DataLinter GitLab CI
June 25, 2026 · View on GitHub
A GitLab CI to run DataLinter—a contextual data and code linter for machine-learning and statistical-modelling workflows—inside a reproducible Docker container. Results are automatically posted as a comment on pull requests.
Table of Contents
- What is DataLinter?
- Features
- Quick Start
- Inputs
- Outputs
- Workflow Examples
- How It Works
- DataLinter Configuration
- Troubleshooting
- Contributing
- License
What is DataLinter?
DataLinter detects potential issues in data files and associated code (R, Python, etc.) used in ML/statistical pipelines.
Features
- Reproducible execution via a pre-built Docker image (
ghcr.io/zgornel/datalinter-compiled:latest). - Automatic mounting of data, code, and configuration directories.
- Full output capture (stdout + stderr) wrapped in a Markdown code block.
- Automatic PR commenting (edits previous comment if it exists).
- Composite action—works on any runner that supports Docker and is configured for Docker-in-Docker (dind).
- Flexible logging levels.
Quick Start
- Add
gitlab-ci.ymlto your main branch before creating a PR. - Create a
GITLAB_TOKENCI/CD variable (Project or Personal Access Token with api scope). - Ensure the CI/CD runner is configured for Docker-in-Docker (dind).
Inputs
datalinter-gitlab-ci has the following inputs:
DATA_PATH(required), path to the data relative to thegitlab-ci.ymlCODE_PATH(required), path to code, relative togitlab-ci.ymlCONFIG_PATH(required), path to thedatalinter.tomlfile configuration, relative togitlab-ci.ymlLOG_LEVEL(optional, default is'debug'), logging level; can be'debug','info','warning'and'error'.
Outputs
Complete DataLinter output (stdout + stderr) formatted as a Markdown code block.
How it works
-
The supplied paths are split into directory and filename components.
-
It pulls
ghcr.io/zgornel/datalinter-compiled:latest -
Three Docker volumes are mounted:
- Code directory →
/tmp - Data directory →
/_data - Config directory →
/_config
- Code directory →
-
datalinterbinary is executed inside the container. -
All output is captured and stored in the
datalinter_output.txt. -
On
merge_request_event(that includespushon the MR branch), the output is automatically posted (or edited) as a MR comment.
DataLinter Configuration
Create a datalinter.toml file in your repository.
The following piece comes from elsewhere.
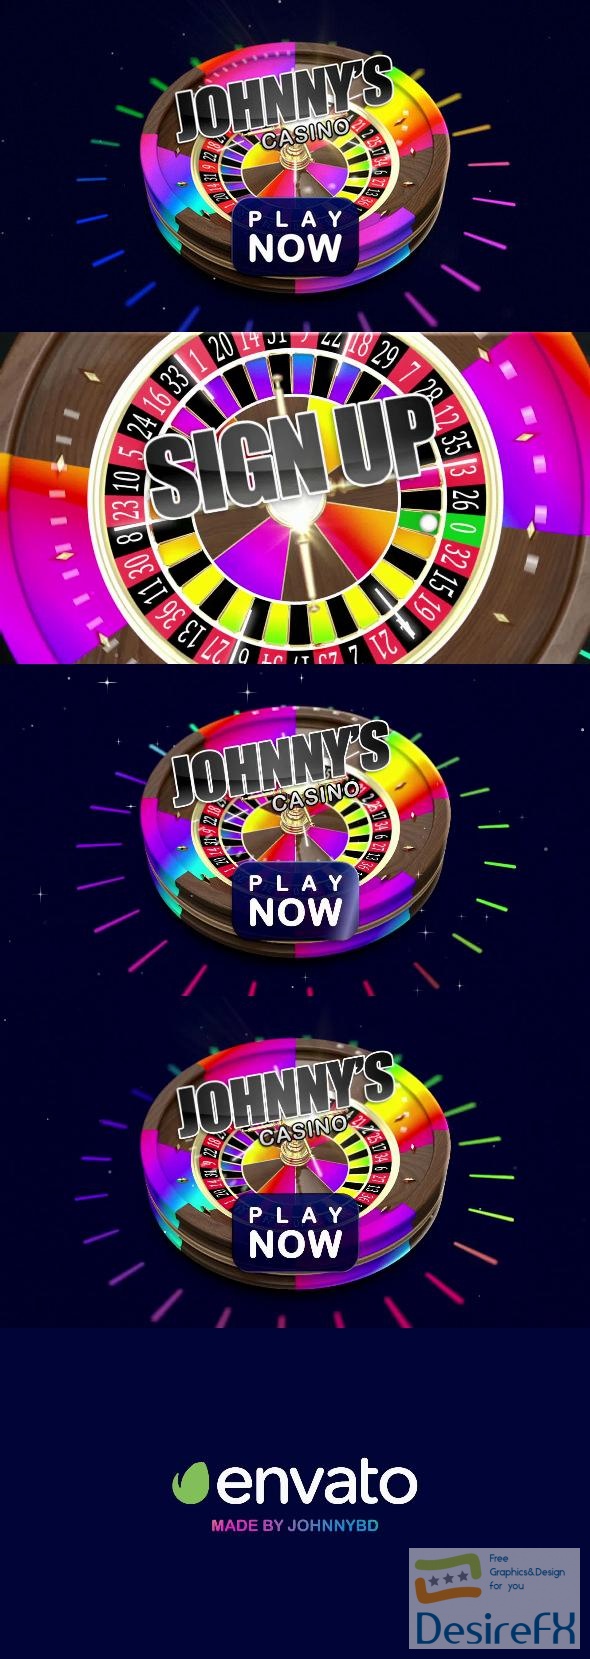 VideoHive Johnnys Casino - Diversity and inclusion 36864725

Full documentation and example configurations are available in the DataLinter repository.
Troubleshooting
- “No such file or directory” → Verify the three paths exist relative to the checkout directory.
- Output too verbose → Set log-level:
'warning'or'error'.
Reporting Bugs
Please file an issue to report a bug or request a feature.
License
This project is licensed under the MIT License. See LICENSE for details.